I have already run similar smaller models for some toy data sets and the model performance was good. But for this model and my real data, the performane is awful. The model currently runs for 16 hours and has not even finished the first 200 iterations. Is there anything in the code I could try to speed up the model?

Thanks!

I think the generic suggestions would be (1) turn on GPU support since you’re using lots of matrix operations (2) parallelise the likelihood function with map_rect. In your case, I think point (2) will be ugly and hard because of the map_rect interface at the moment, but point (1) may provide some serious improvements.
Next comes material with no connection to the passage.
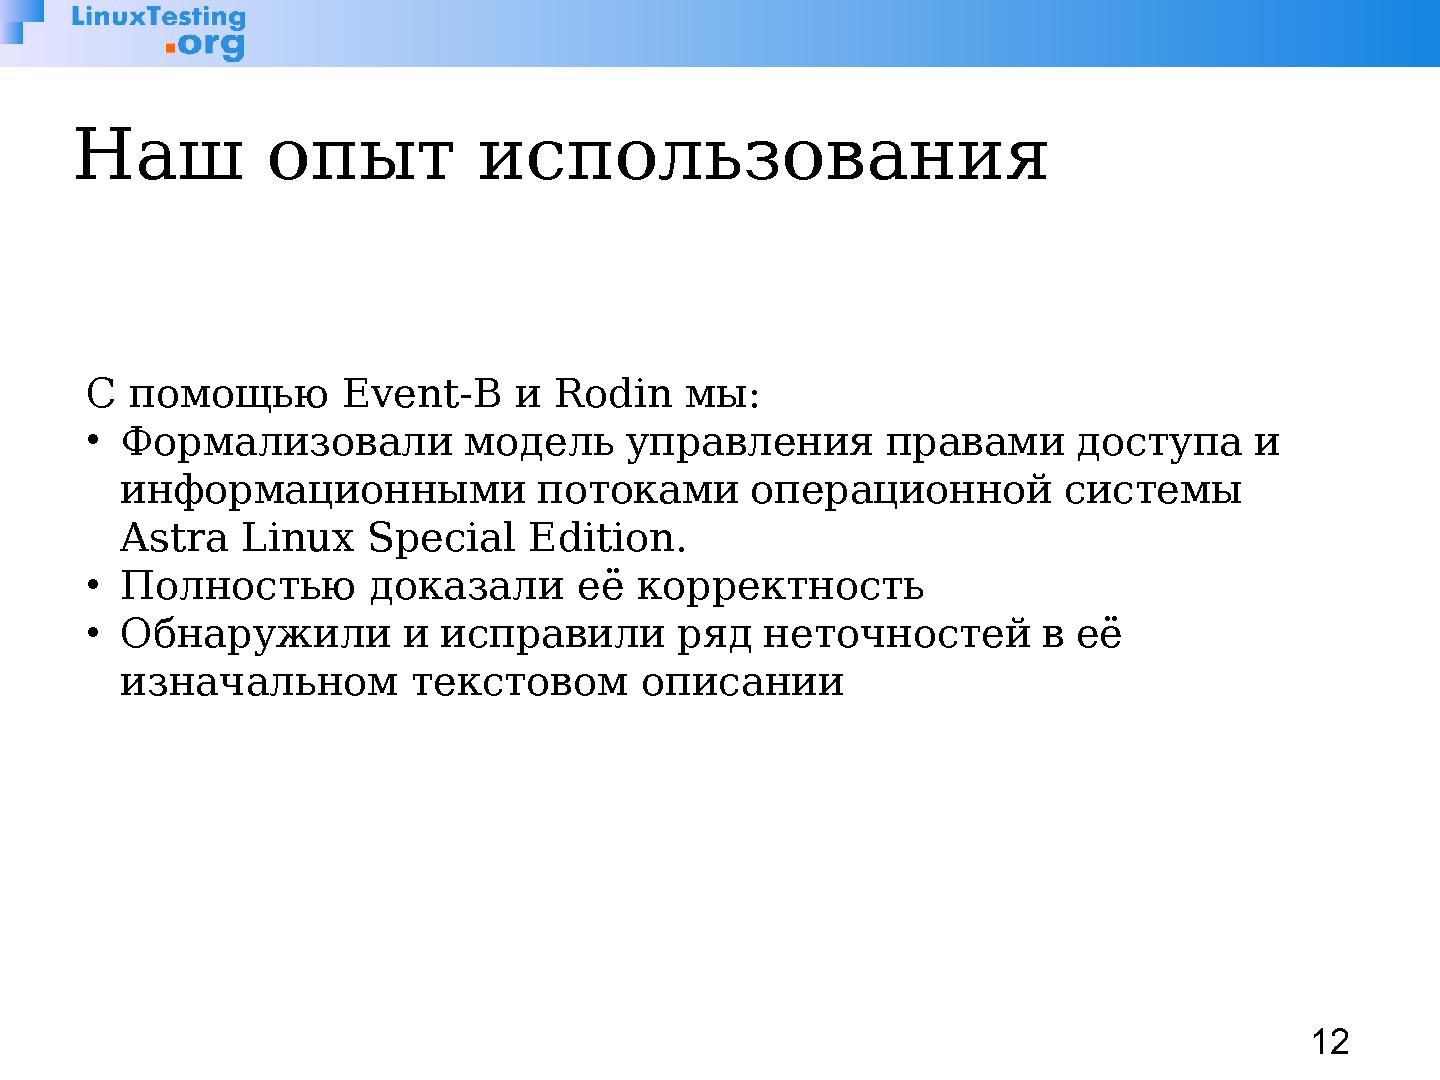 Файл:Rodin — платформа для разработки и верификации моделей на Event-B (Илья Щепетков, OSSDEVCONF-2014).pdf
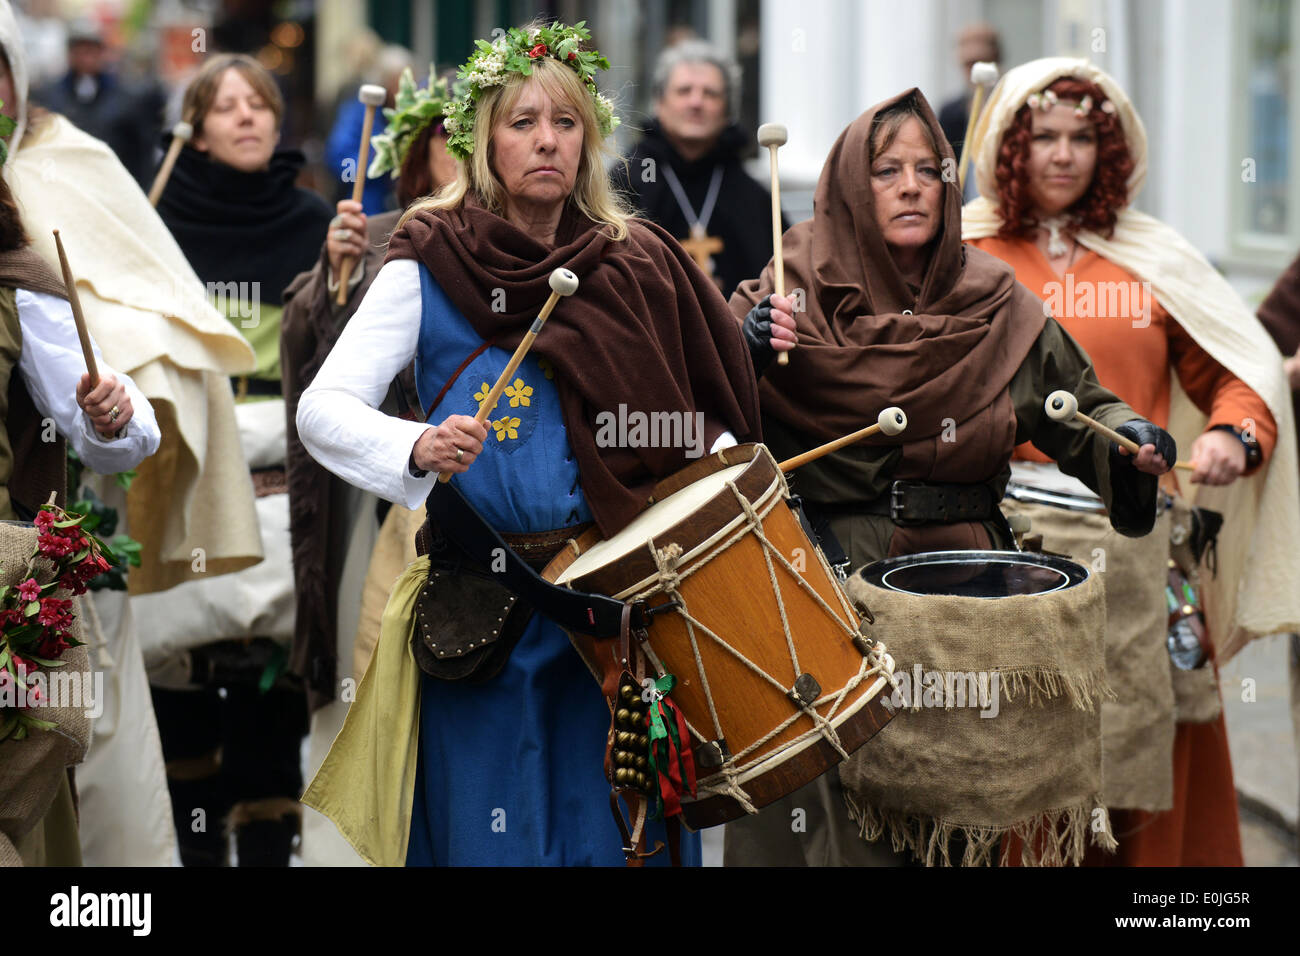 Un gruppo di persone vestite con costumi e celebra la battaglia di Lewes di Lewes High Street, East Sussex, Regno Unito. Foto Stock

Some info about getting the math library to run with GPU support.

Thanks for your idea! I hope I turned on GPU support correctly but the model is still really slow. For the GPU support it says that this is activated for very large matrices (i.e. 1200x1200 matrices) anyway. So maybe the GPU support doesn’t work for me because I have many matrix operations but the matrices are not really large.

I will have a look at map_rect! But maybe I have to accept, that my model will be slow. But of course I would be very happy about further ideas!

Ah sorry to hear that , but I’ve no doubt there is ways to optimise it and some of the wizards on this forum doubtless know how.

I think what may help is breaking the model down a bit so it’s easier for people to engage with without having to spend a lot of time parsing it first. Our best guys are really busy so anything that makes it easy to dip into a question quickly
will help get a better response.